_Recorded information_
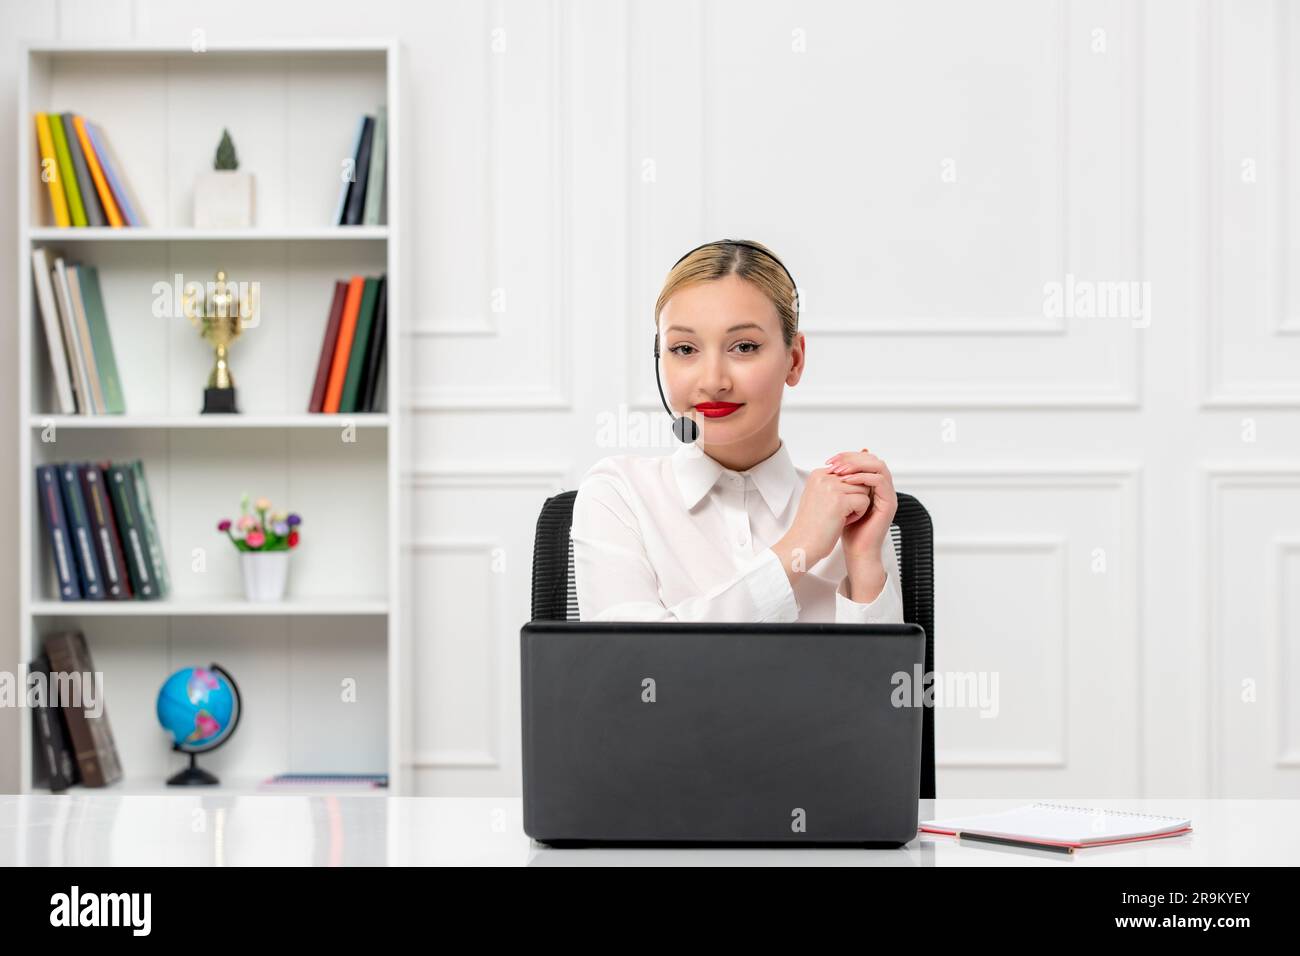 customer service cute blonde girl in office shirt with headset and computer smiling and greeting Stock Photo
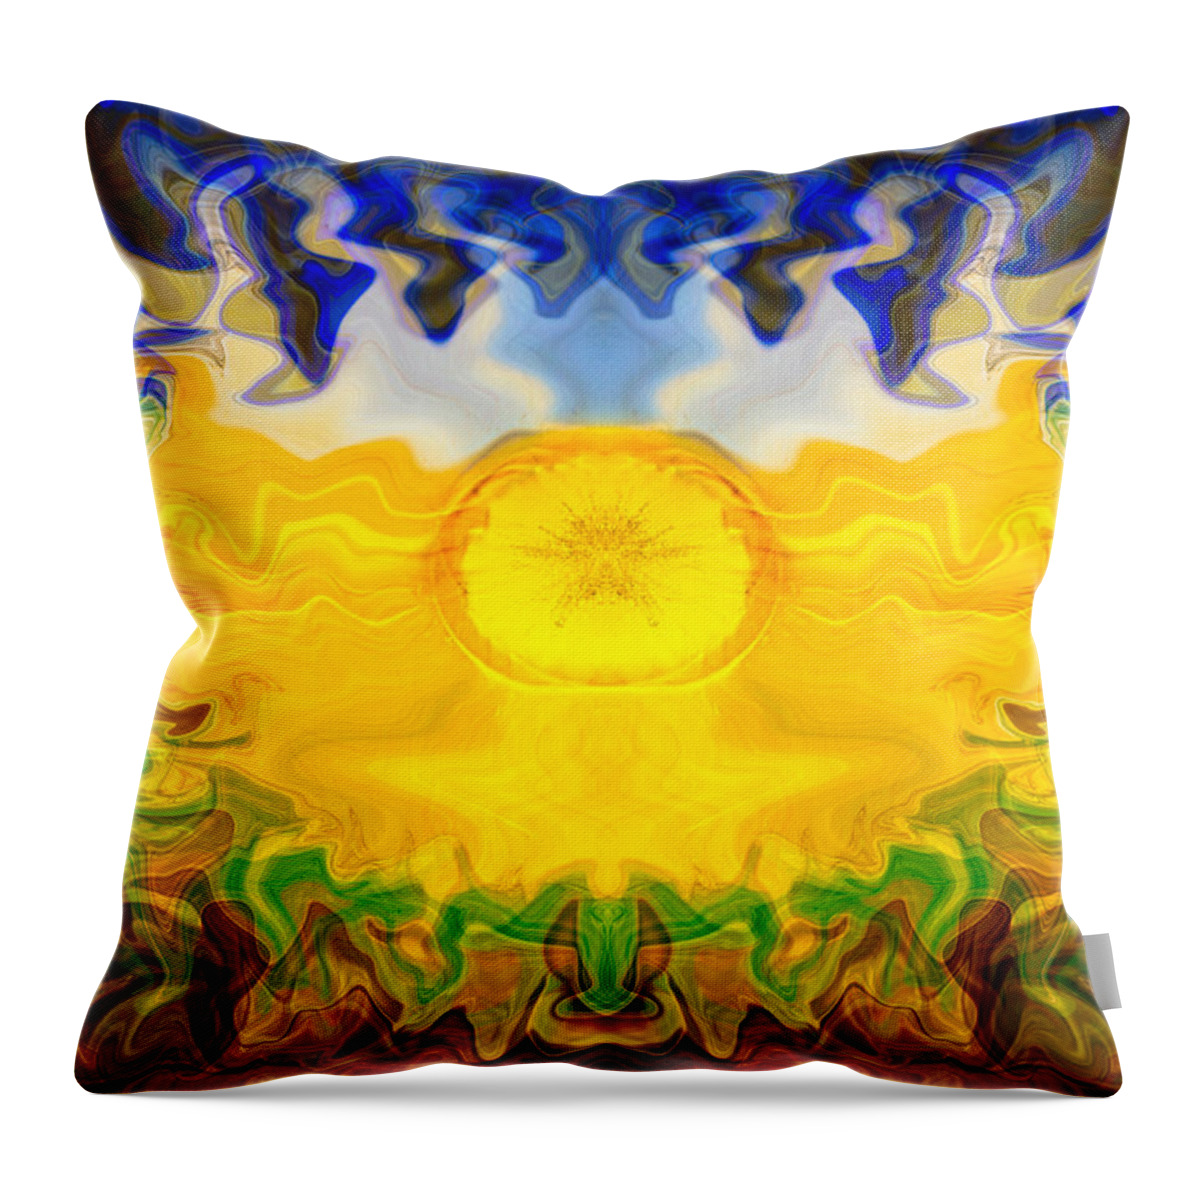 Brown Throw Pillow featuring the painting Pearlescent by Omaste Witkowski
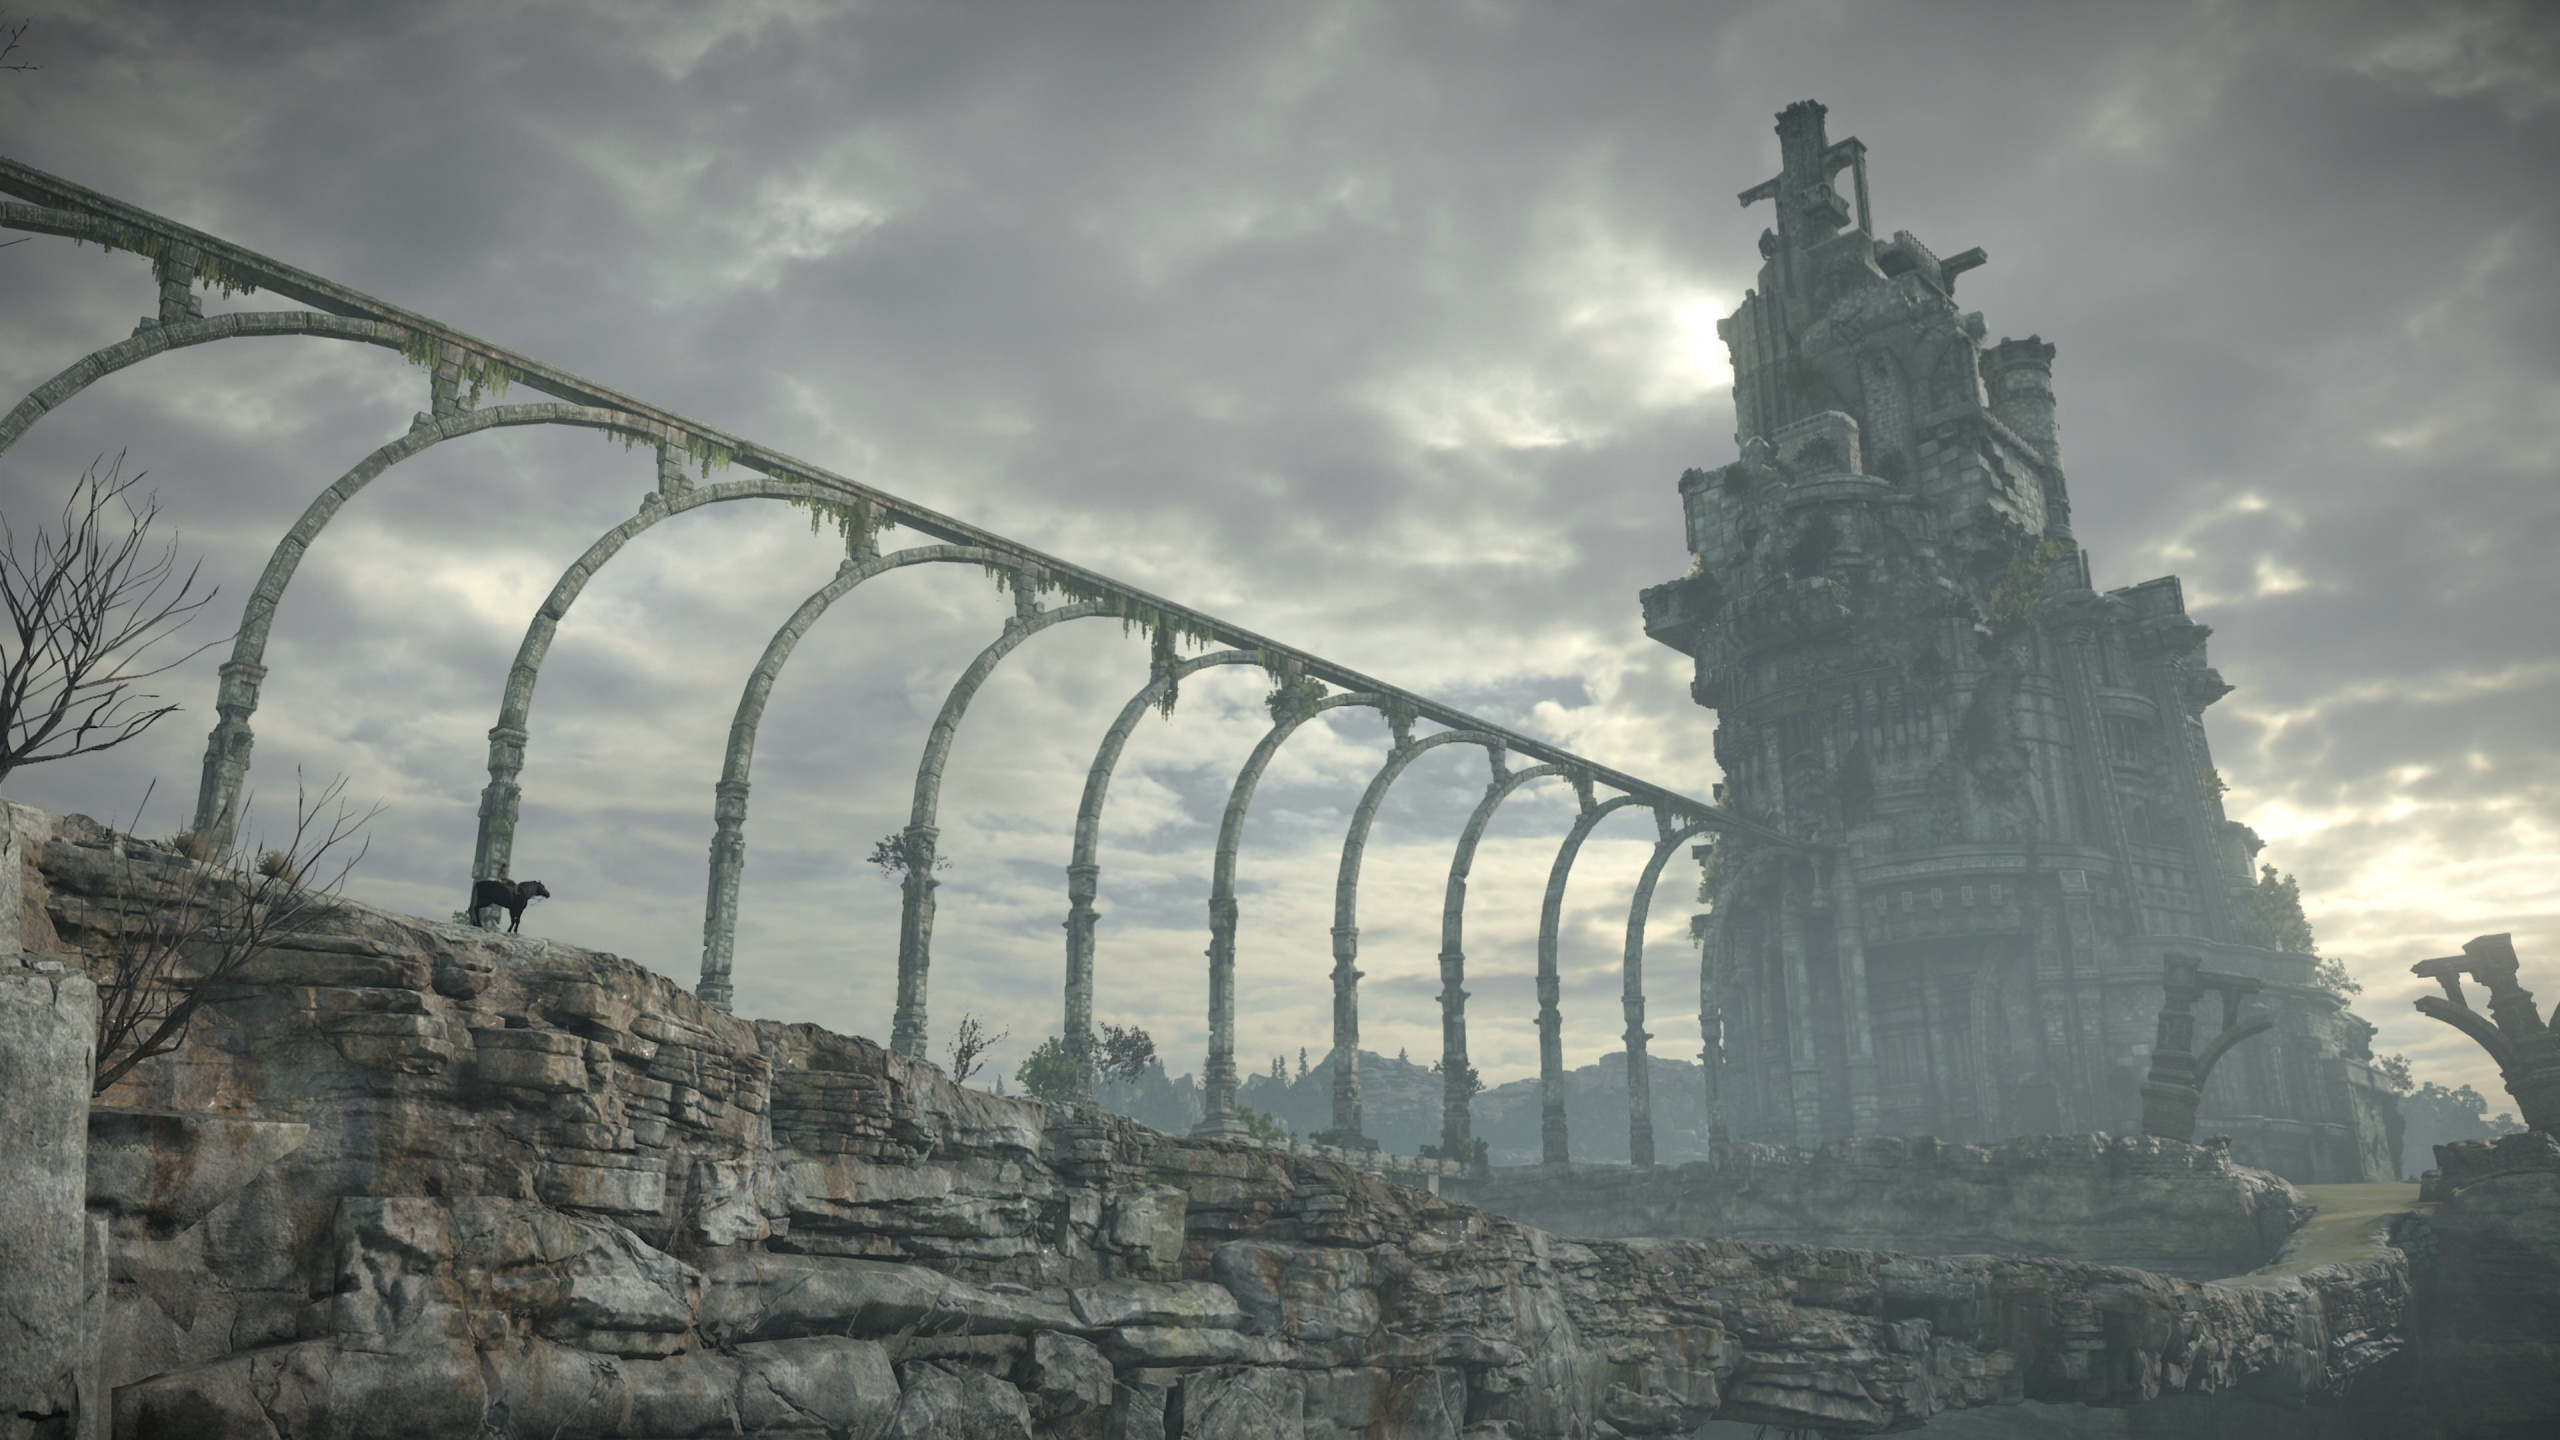 L'ombre du Colosse, Playstation 4, Remake, Pont, Architecture. Wallpaper in 2560x1440 Resolution

_Try it_
Retype the material above exactly, images excluded.

_Completed exercise_
 customer service cute blonde girl in office shirt with headset and computer smiling and greeting Stock Photo
 Brown Throw Pillow featuring the painting Pearlescent by Omaste Witkowski
 L'ombre du Colosse, Playstation 4, Remake, Pont, Architecture. Wallpaper in 2560x1440 Resolution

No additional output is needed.